Friday, April 21, 2006

Is Workers' Compensation Insurance Necessary?

Workers' compensation insurance evolved with the goal of providing an expedious administrative no-fault proceeding in lieu of third party liability to care for injured workers. It has been a flaming failure. Workers' compensation insurers fight these claims as vigorously as traditional third party claims; delay investigations; stonewall the payment of wage replacement and the payment of medical bills and the level of payment once achieved is paltry. That says nothing about the snail's pace that the administrative proceedings crawl at the trial level where formal evidentiary hearing may last over the course of months if not years only to be trumped by a one year delay in reaching an appeal before the Compensation Review Board, followed by a lengthy appeal to the courts. Why?

Massachusetts recently enacted a bold new plan to provide medical insurance for its unisured population. What if there was universal health coverage? What if there was a law that an injured employee would be entitled to salary continuation during recuperation?
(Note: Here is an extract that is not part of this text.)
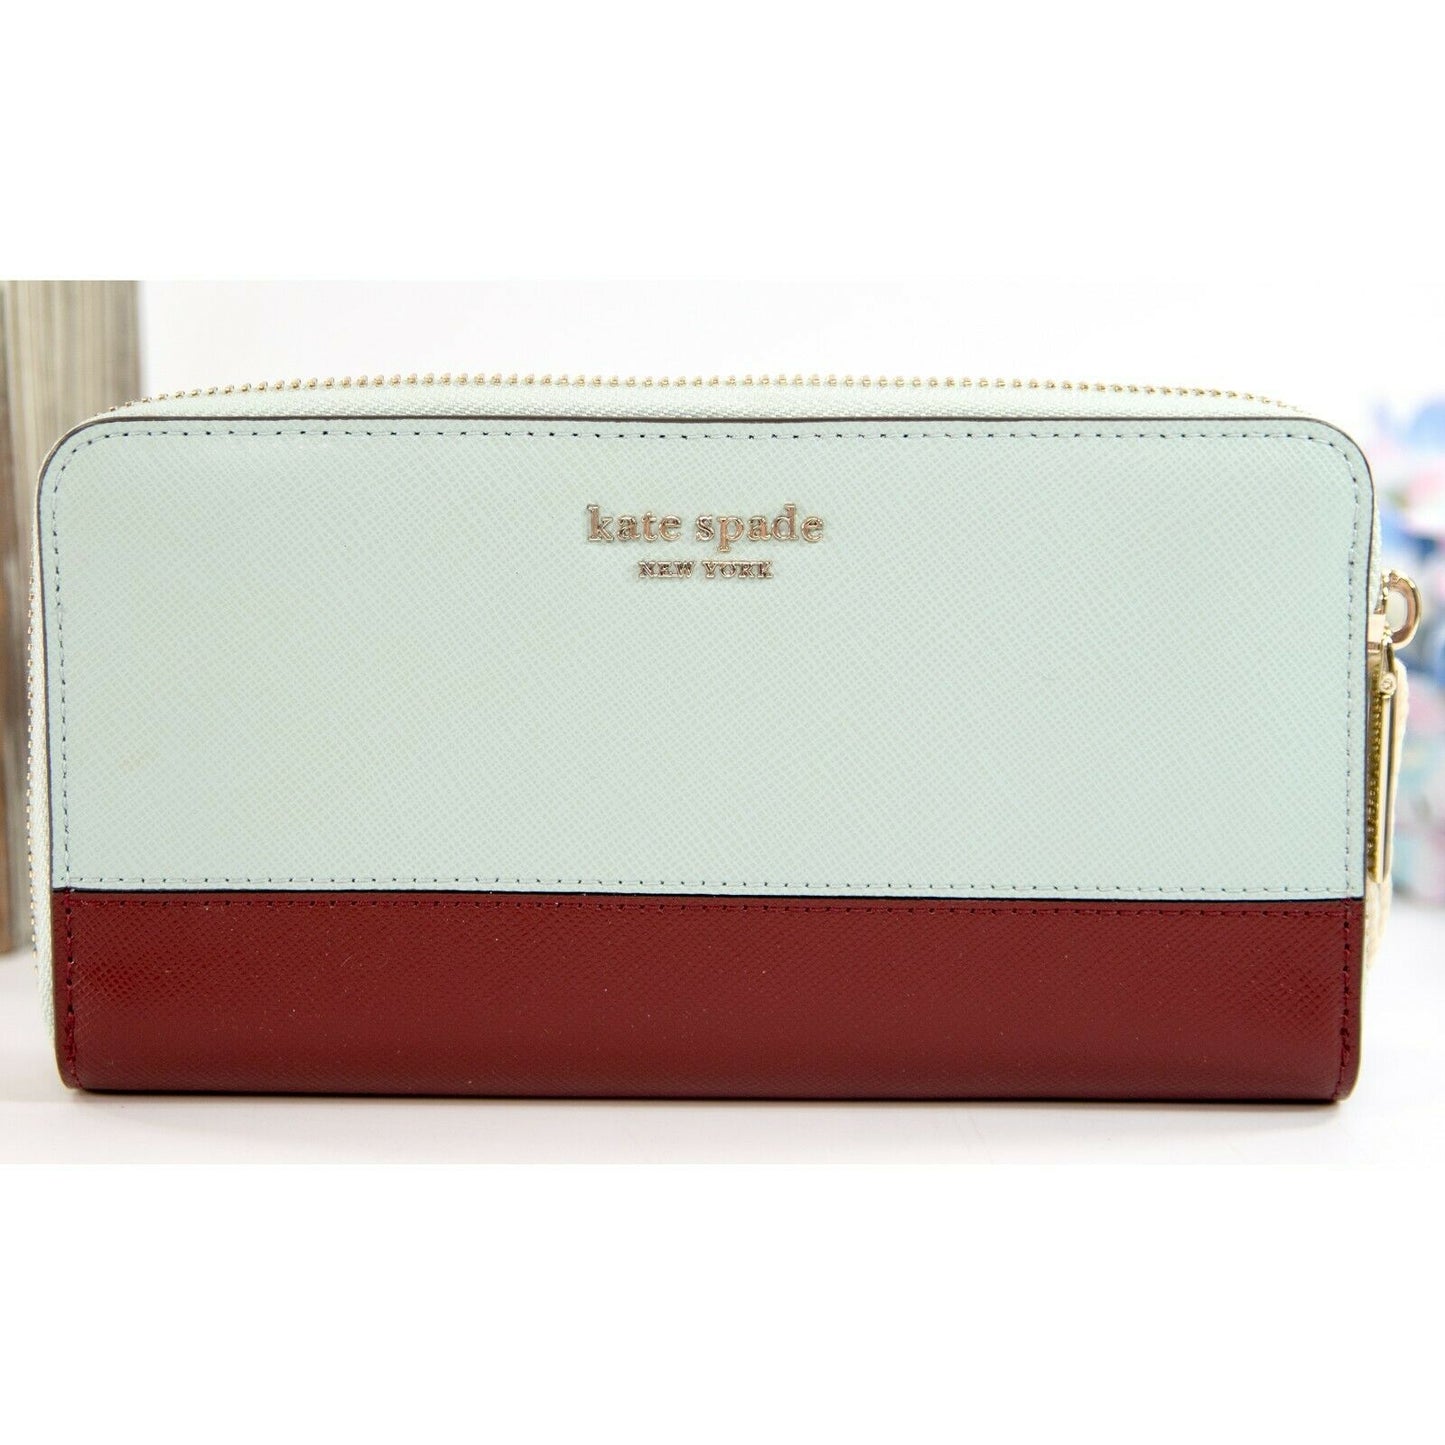 Kate Spade Cold Mist Leather Spencer Zip Around Lacey Wallet NWT

What if we did away with an inefficient and uneconomic administrative system based upon no-fault thus saving hundreds of thousands of dollars in salary and other administrative costs? Why should my assistant be paid for her injuries if she trips over a waste basket that she left in an unsafe location but I cannot be sued by her ( I have insurance) if she is injured by an unsafe work condition that I created?

Why are there two insurance systems rather than one? One system administers workers' compensation and the second administers liability claims? Why are there two sets of lawyers? One set handles workers' compensation claims and one set handles liability claims?

Why are there three types of insurance? Medical insurance, workers' compensation insurnace and liability insurance?

There formerly was a time that it took so long to have a third party claim adjudicated that it made sense to have a quick and expedient system in its place? That reasoning no longer exists. The judicial system is a blessing now - it moves so swiftly?

And wouldn't workers be safer if work places were safer and employers could be held accountable in money damages if negligence caused a worker to be injured?